Spent the last several weeks doing cleanup and re-seal of the engine, timing belt, getting rid of various SVX parts, collecting parts, and just finished converting the 2006 WRX trans to 2wd and installing the stub axles. Not very exciting visually but I'll throw a few pics up anyway.

The engine was extremely dirty and grimy. The oil that eventually leaked out of the seals turned to tar over time and it took several days to get it all off.

Before:

Attached Image

Attached Image

After:

Attached Image


High pressure car wash would have been great, but unfortunately I don’t know these engines well enough to know what to spray and what not to so it was the old slow method of smear and wipe. Tried several different products including brake cleaner, Goo Gone, Simple Green, but the best results came from Goop. A big tub can be had for about $8 at Harbor Freight.

Attached Image

Put it on, it turns from white to clear, wipe/rinse it with warm water. Repeat, repeat.

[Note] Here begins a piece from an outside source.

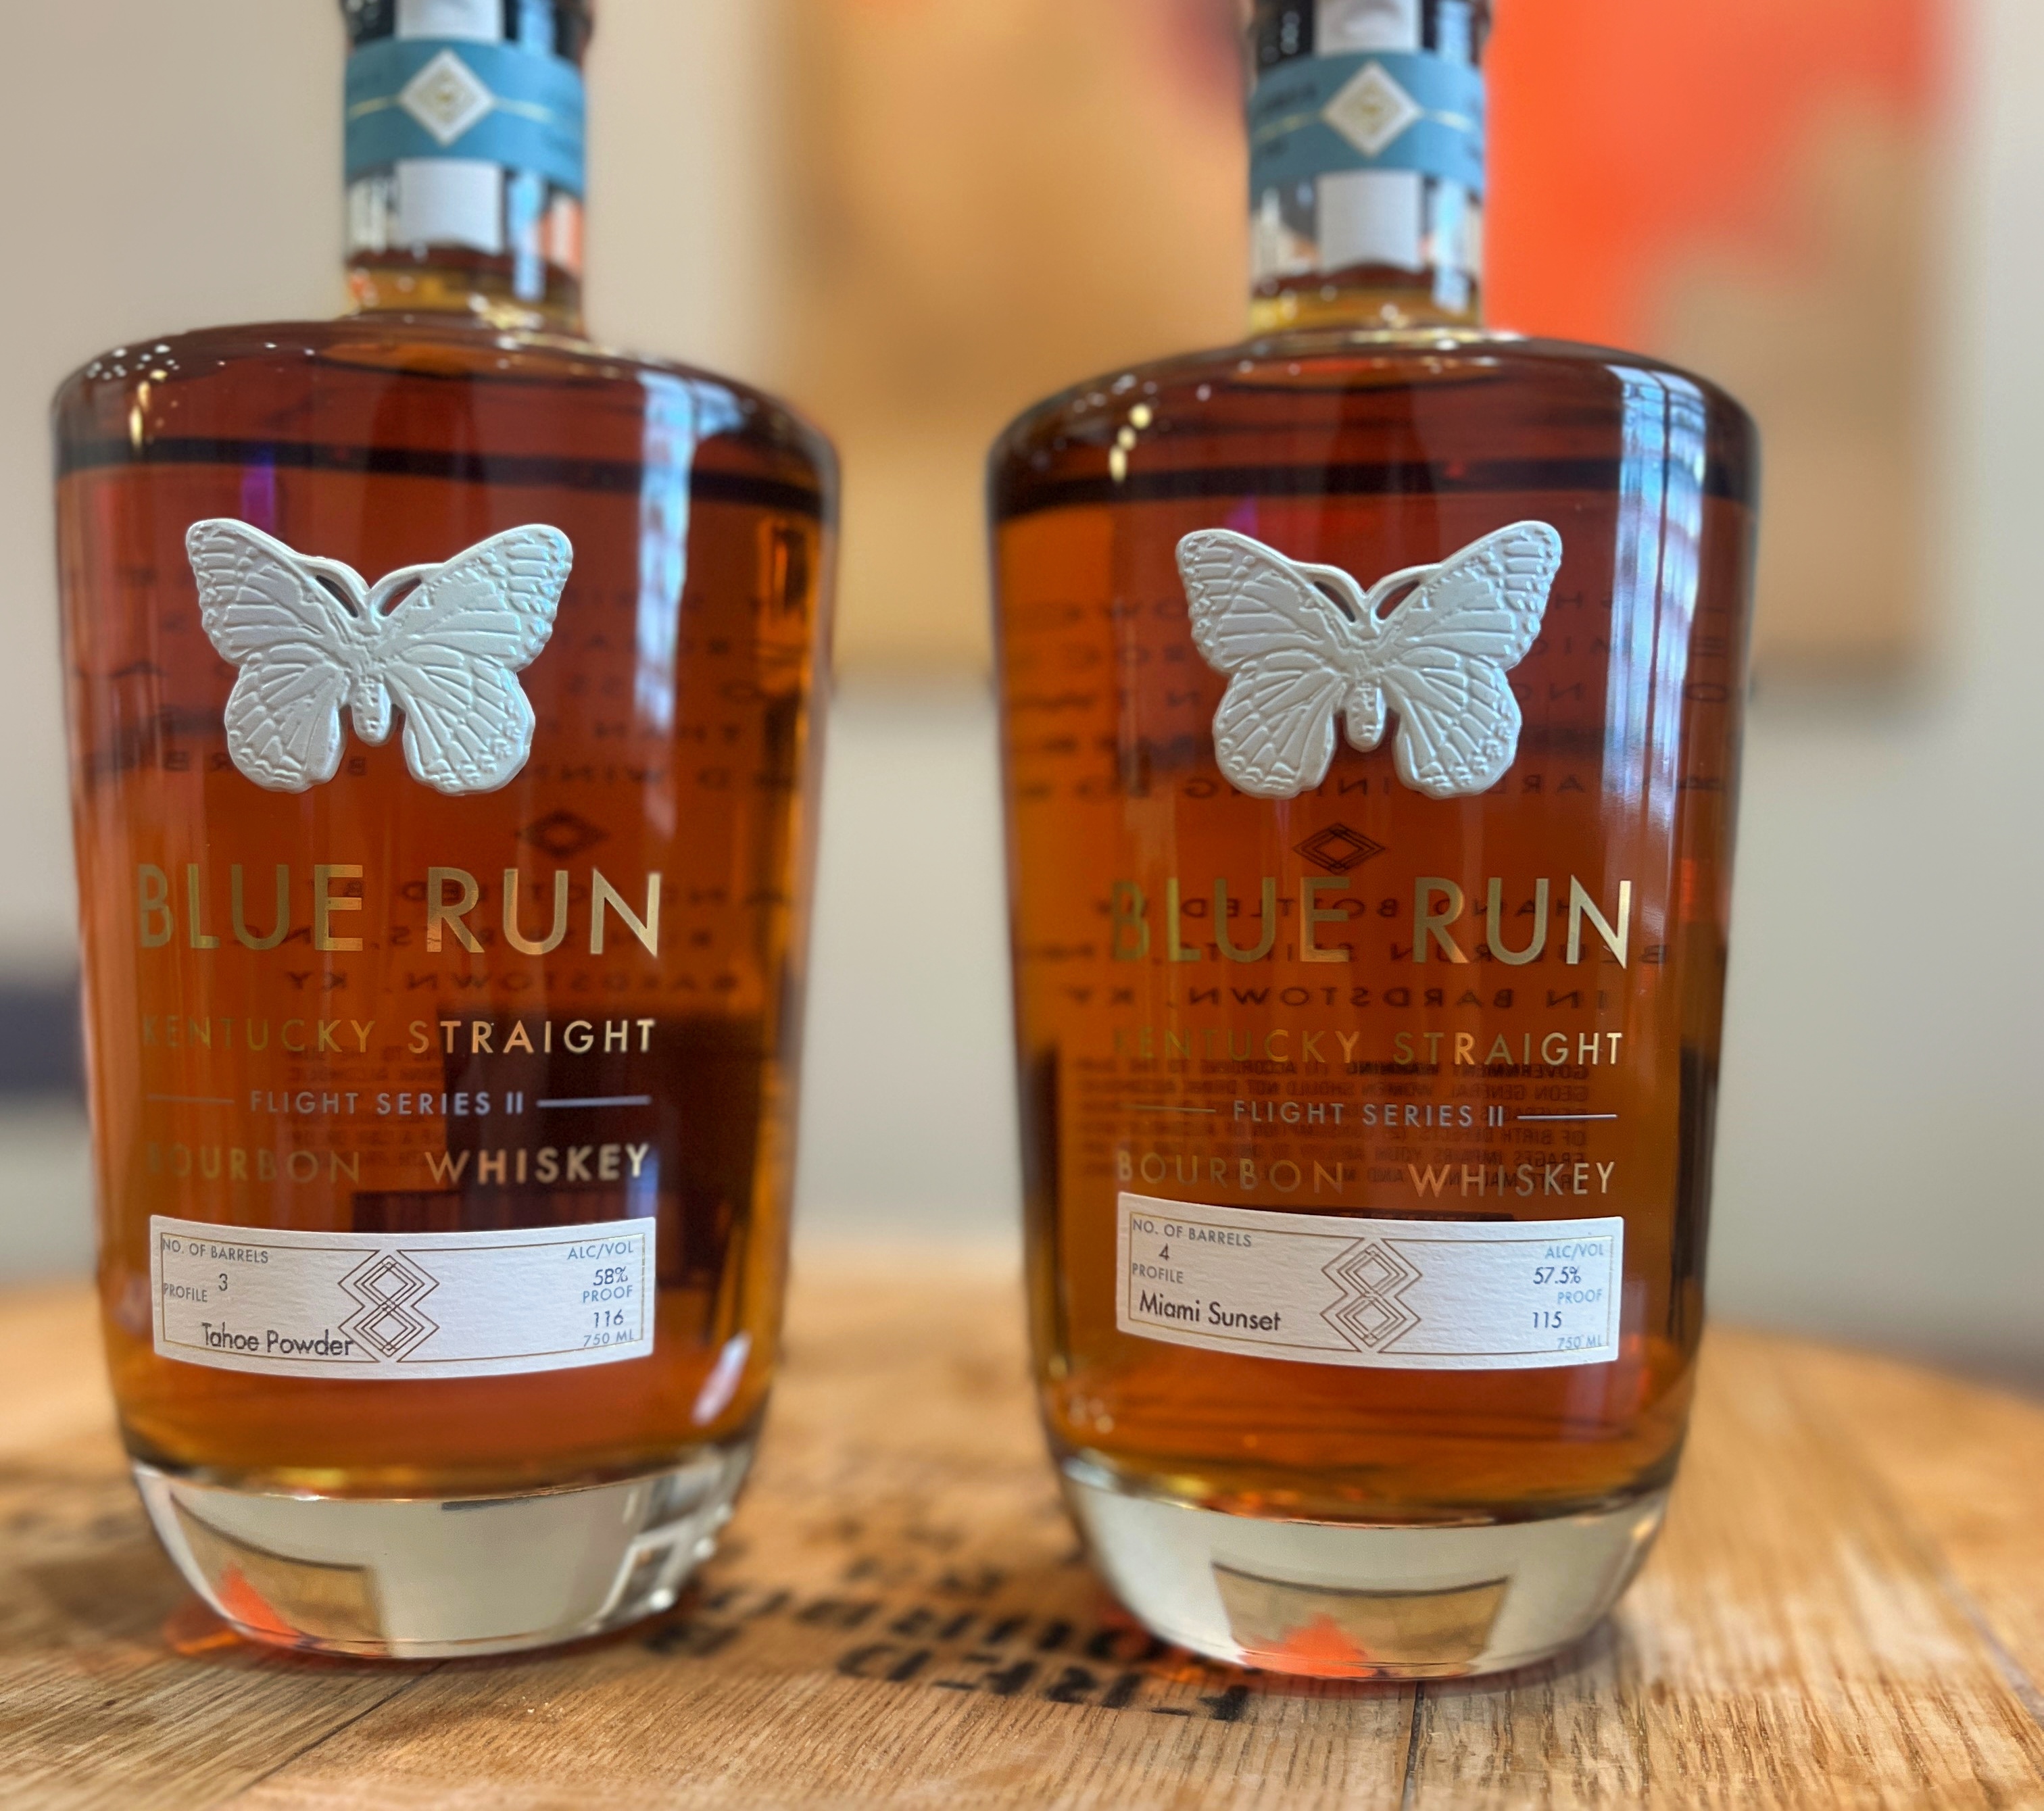 Blue Run Flight Series II straight Kentucky Bourbon Whiskey taste test side by side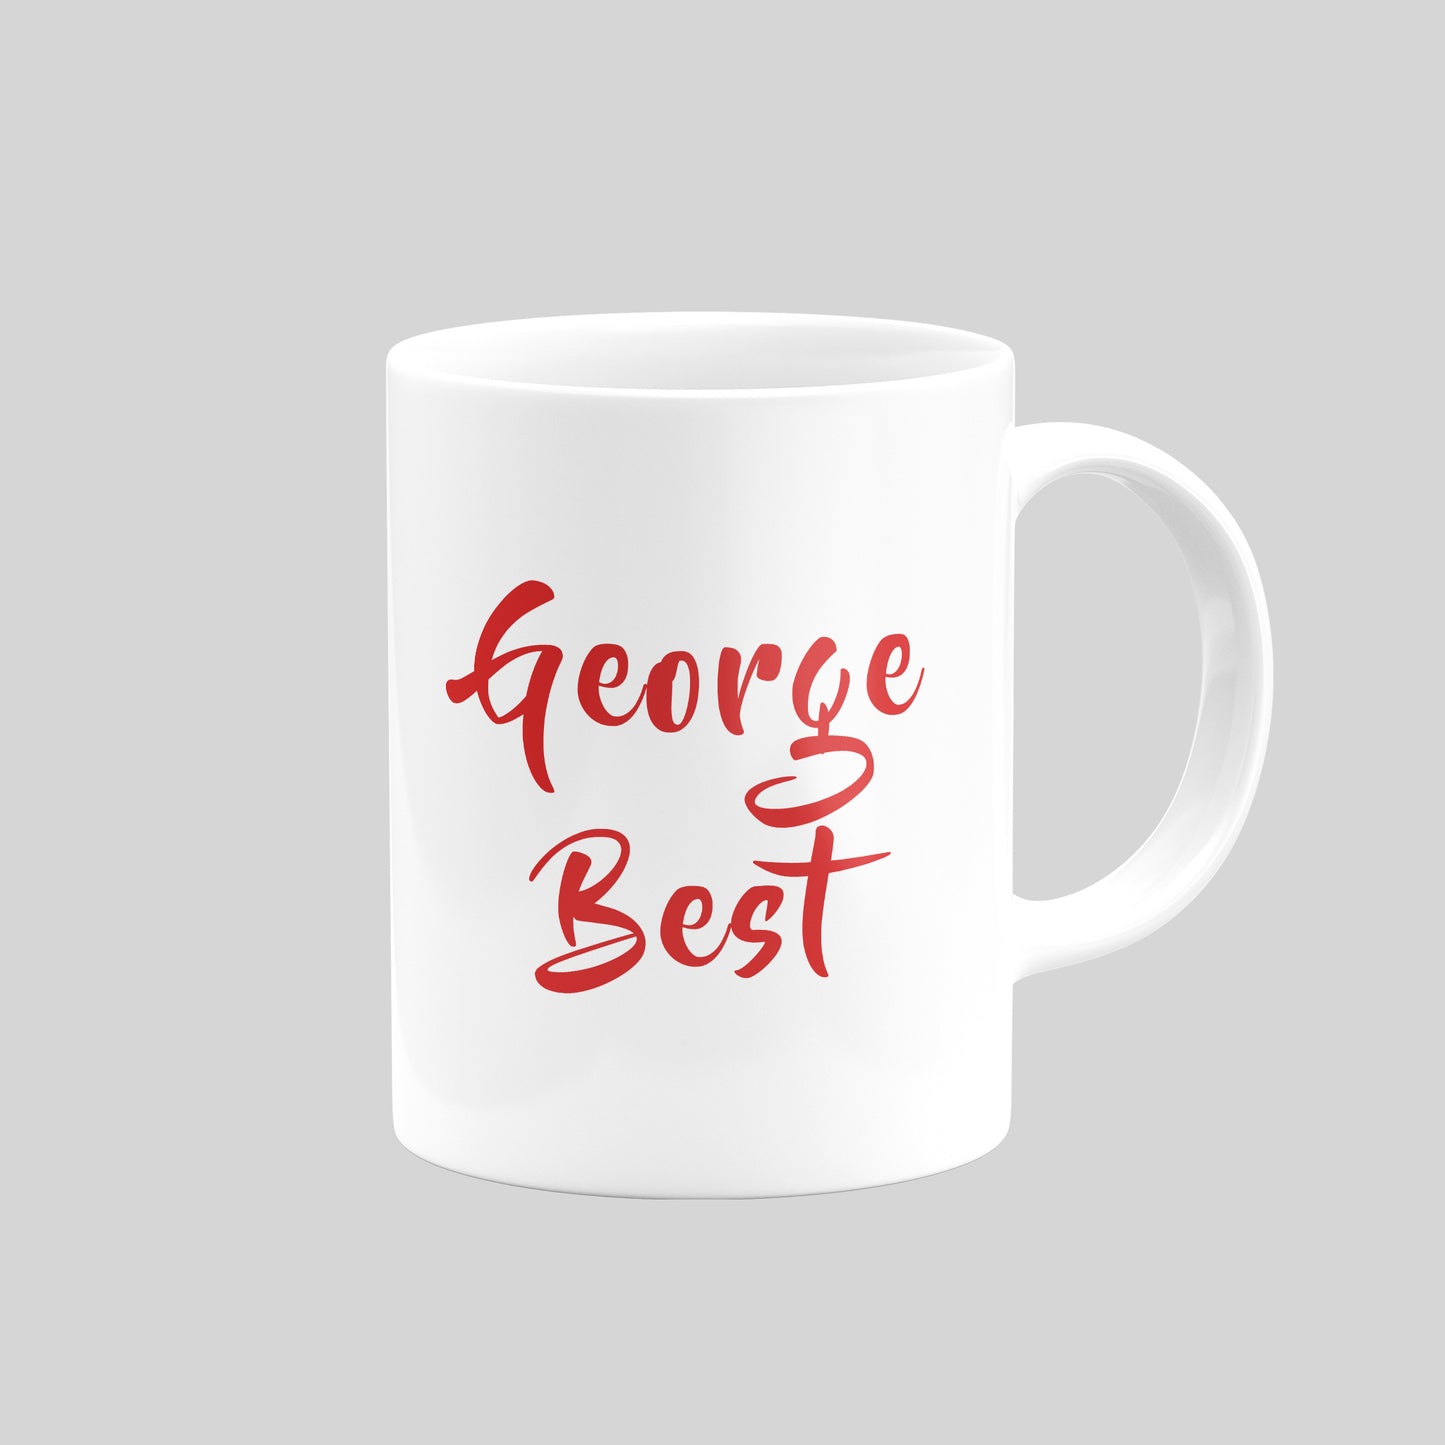 George Best Mug

Bought the full engine reseal kit from Subaruparts.com.

Attached Image

It has some seals you won’t need but pricing the stuff piece by piece it’s still a good deal. Not doing the head gaskets at this point but have them for later. It’s amazing how unfamiliar the seals look.

Attached Image

If these were 914 seals it would be easier to tell what the heck they all are. Just compare the old ones with the new ones. Should be an exact fit.